Reported: 2006-06-27 17:26 UTC by Vincent Legoll
Modified: 2006-09-11 16:53 UTC (History)
1 user (show)

See Also:
Kernel Version: 2.6.17-git12 (vanilla from kernel.org)
Subsystem:
Regression: ---
Bisected commit-id:


Attachments

Description Vincent Legoll 2006-06-27 17:26:52 UTC
Most recent kernel where this bug did not occur: not known
Distribution: Gentoo
Hardware Environment: x86_64, Seagate HD
Software Environment:
Problem Description: Seagate HD not detected

Steps to reproduce:

I recently added a Seagate HD (500Go Sata 7200.10) to my PC.
It had already a ST3120026AS and a WD1500ADFD-0, properly running, and still
running correctly...

The drive is visible in the BIOS.

This one is not detected by the linux kernel whereas it is by the other OS (and
performs very well ~48Mo/s writing), and fail with this in dmesg:

ata1: port is slow to respond, please be patient
ata1: port failed to respond (30 secs)

I tried some random tweaking of libata-core.c:__libata_phy_reset()
by lengthening the timeouts and delays, because some googling revealed this to
paper over similar reports of failure to detect seagate drives...

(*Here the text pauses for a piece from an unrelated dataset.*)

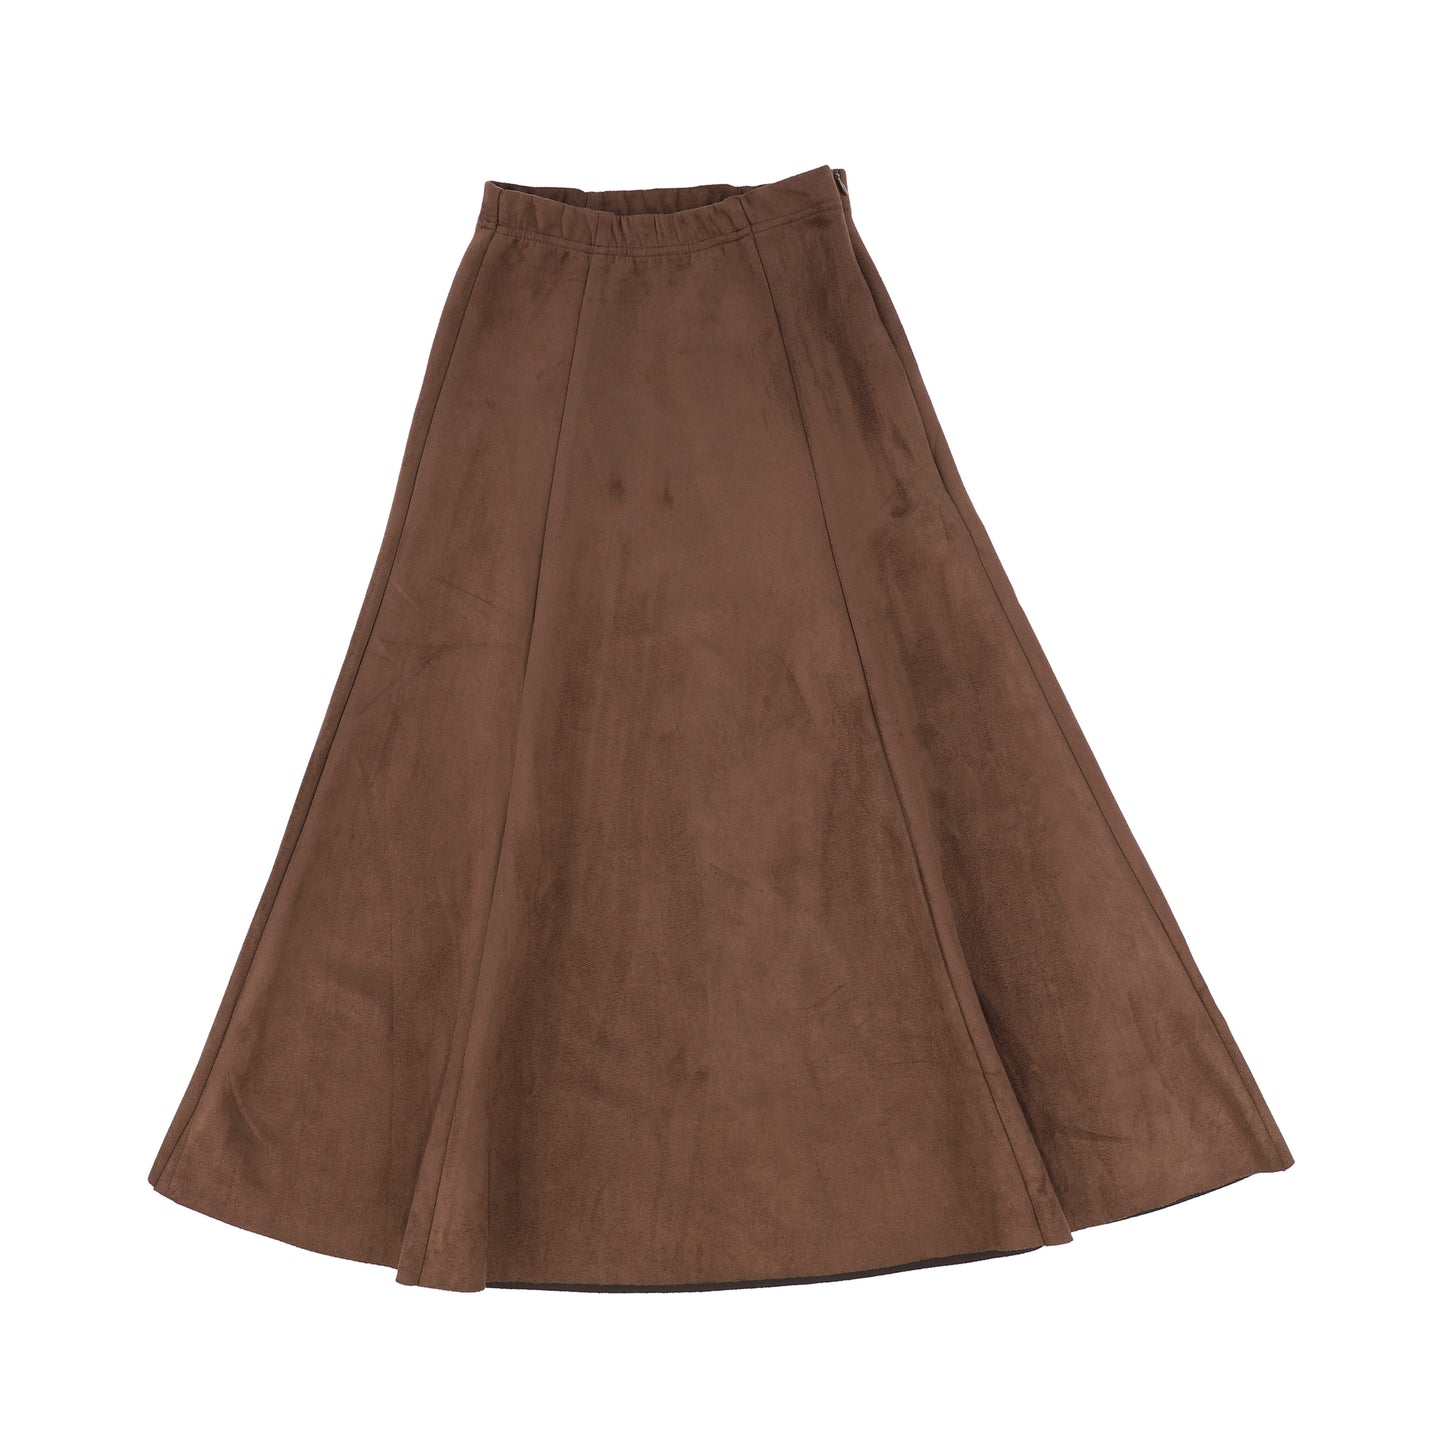 BAMBOO BROWN SUEDE PANELED SKIRT [Final Sale]

But it is not working, I know get that:

Jun 28 04:10:04 localhost ata1: exception Emask 0x10 SAct 0x0 SErr 0x150000
action 0x2 frozen
Jun 28 04:10:05 localhost ata1: soft resetting port
Jun 28 04:10:12 localhost ata1: port is slow to respond, please be patient
Jun 28 04:10:35 localhost ata1: port failed to respond (30 secs)
Jun 28 04:10:35 localhost ata1: SATA link up 1.5 Gbps (SStatus 113 SControl 300)
Jun 28 04:10:35 localhost ata1: EH pending after completion, repeating EH (cnt=4)
Jun 28 04:10:35 localhost ata1: EH complete

but it's about 8 minutes after system is booted...

ask for more info, and I'll provide it...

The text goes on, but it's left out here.